横田めぐみさん拉致45年 早紀江さんが「助けられた」新潟の海描いた油絵を公開

自身が新潟の港をイメージして描いた「小さな漁港」について話す横田早紀江さん=8日午後、川崎市(代表撮影)
自身が新潟の港をイメージして描いた「小さな漁港」について話す横田早紀江さん=8日午後、川崎市(代表撮影)

北朝鮮による拉致被害者の横田めぐみさん(58)=拉致当時(13)=が拉致されてから15日で45年が経過するのを前に、母の早紀江さん(86)が8日、川崎市内で取材に応じた。娘を奪われた直後、心を保つために描いたという油絵を紹介し、当時の思いを振り返りつつ、いまなお帰国が実現しない現実に「表現しようのないむなしさを感じる」と肩を落とした。

めぐみさんは、新潟市立寄居中の1年生だった昭和52年11月15日、部活動を終えて帰宅中に拉致された。

「煙のように消えてしまい、初めの20年間はものすごい失望感があった。自分でもよく生きてこられたと思う」。平成9年にめぐみさんが北朝鮮に拉致されたという情報が浮上するまで、手がかりは一切なかった。新潟の海岸線を何度となく、めぐみさんの名前を叫びながら歩いた。

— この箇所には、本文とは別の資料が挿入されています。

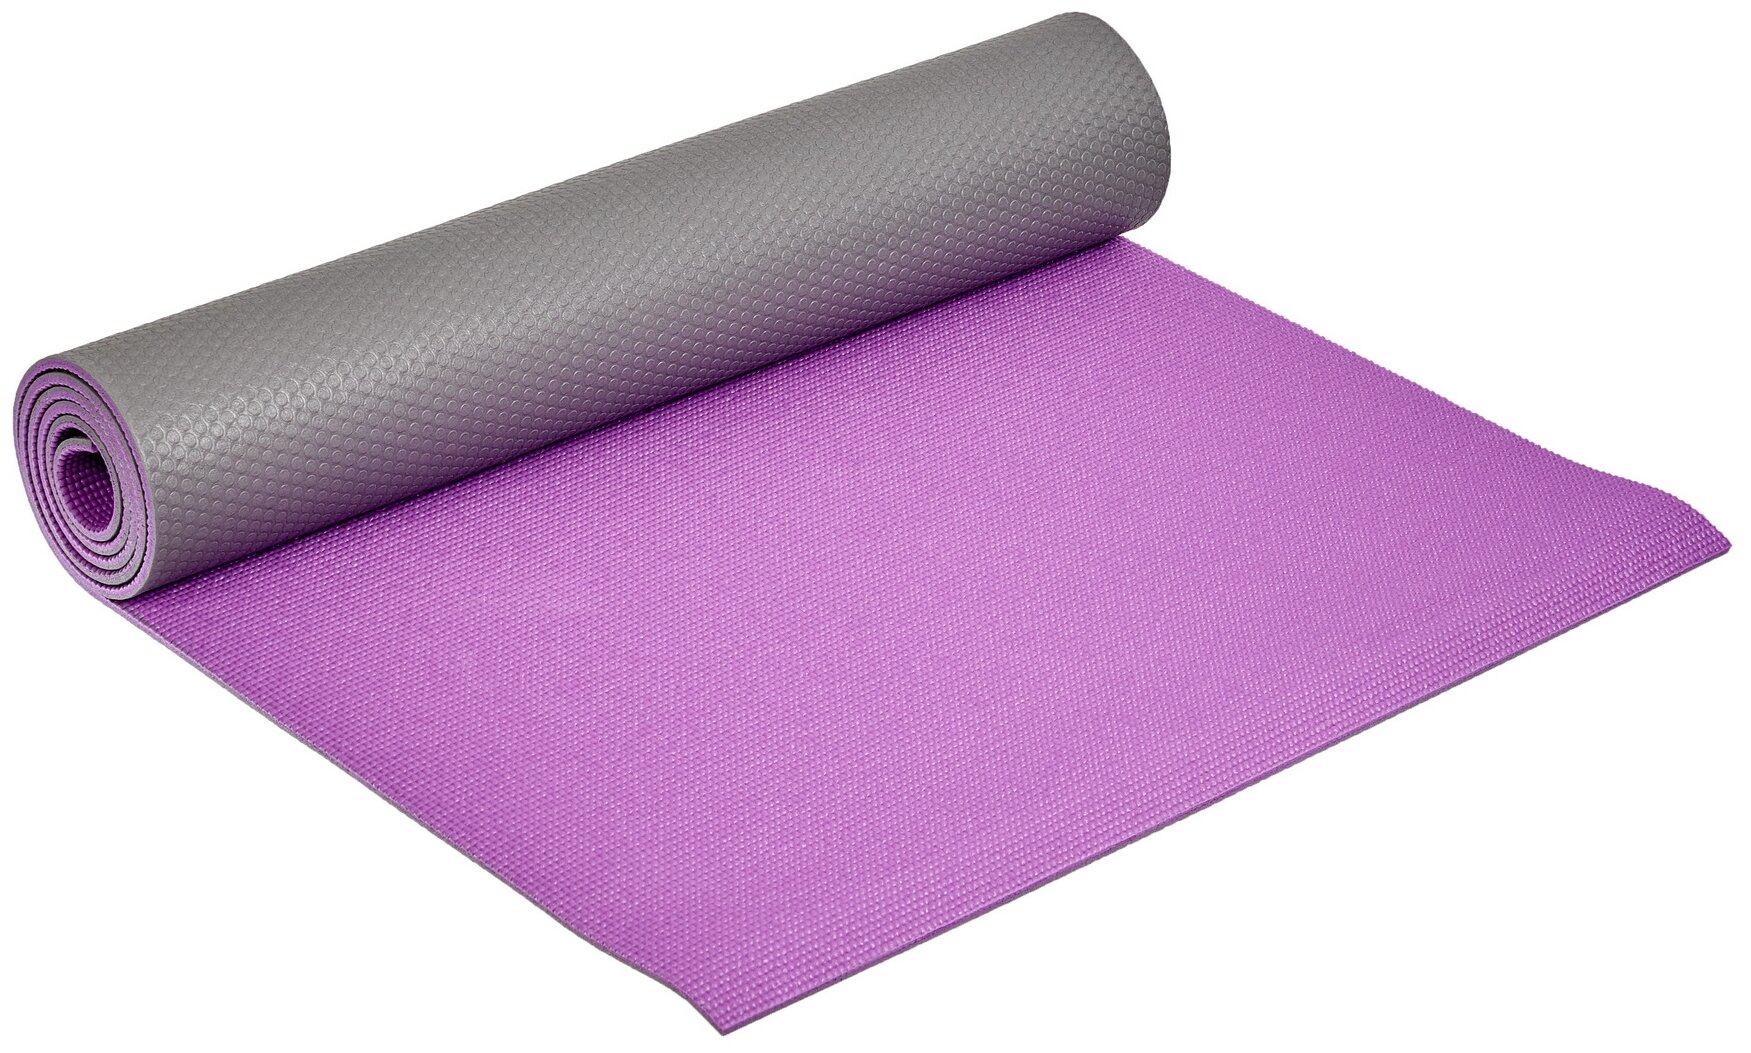 Коврик для йоги и фитнеса Bradex SF 0690 для йоги и фитнеса, 173*61*0,6 см, двухслойный фиолетовый

自身が描いた新潟の港をイメージした「小さな漁港」と、静物画「枯れたひまわりとバイブル」について話す横田早紀江さん=8日午後、川崎市(代表撮影)
自身が描いた新潟の港をイメージした「小さな漁港」と、静物画「枯れたひまわりとバイブル」について話す横田早紀江さん=8日午後、川崎市(代表撮影)

この日、早紀江さんは自作の2枚の油絵を報道陣に公開=写真(代表撮影)。「小さな漁港」と題された1枚は、めぐみさんが拉致された翌年ごろ、新潟の海をイメージして描いたものだ。空には夕日が差し、海は色を重ねて「ローズ色」にしたという。

娘を奪われた寂しさを紛らわすために、拉致された直後からアトリエへ通い始め、成長しためぐみさんを想像して描いたこともある。つらい日々にキャンバスに向き合い、「絵に助けられた」と振り返る。

13歳だっためぐみさんは58歳になった。早紀江さんは政府に対し、「早く日朝首脳会談を開き、行動してほしい。もっと知恵を働かせて、お互いが幸せになるやり方を考えてほしい」と求める。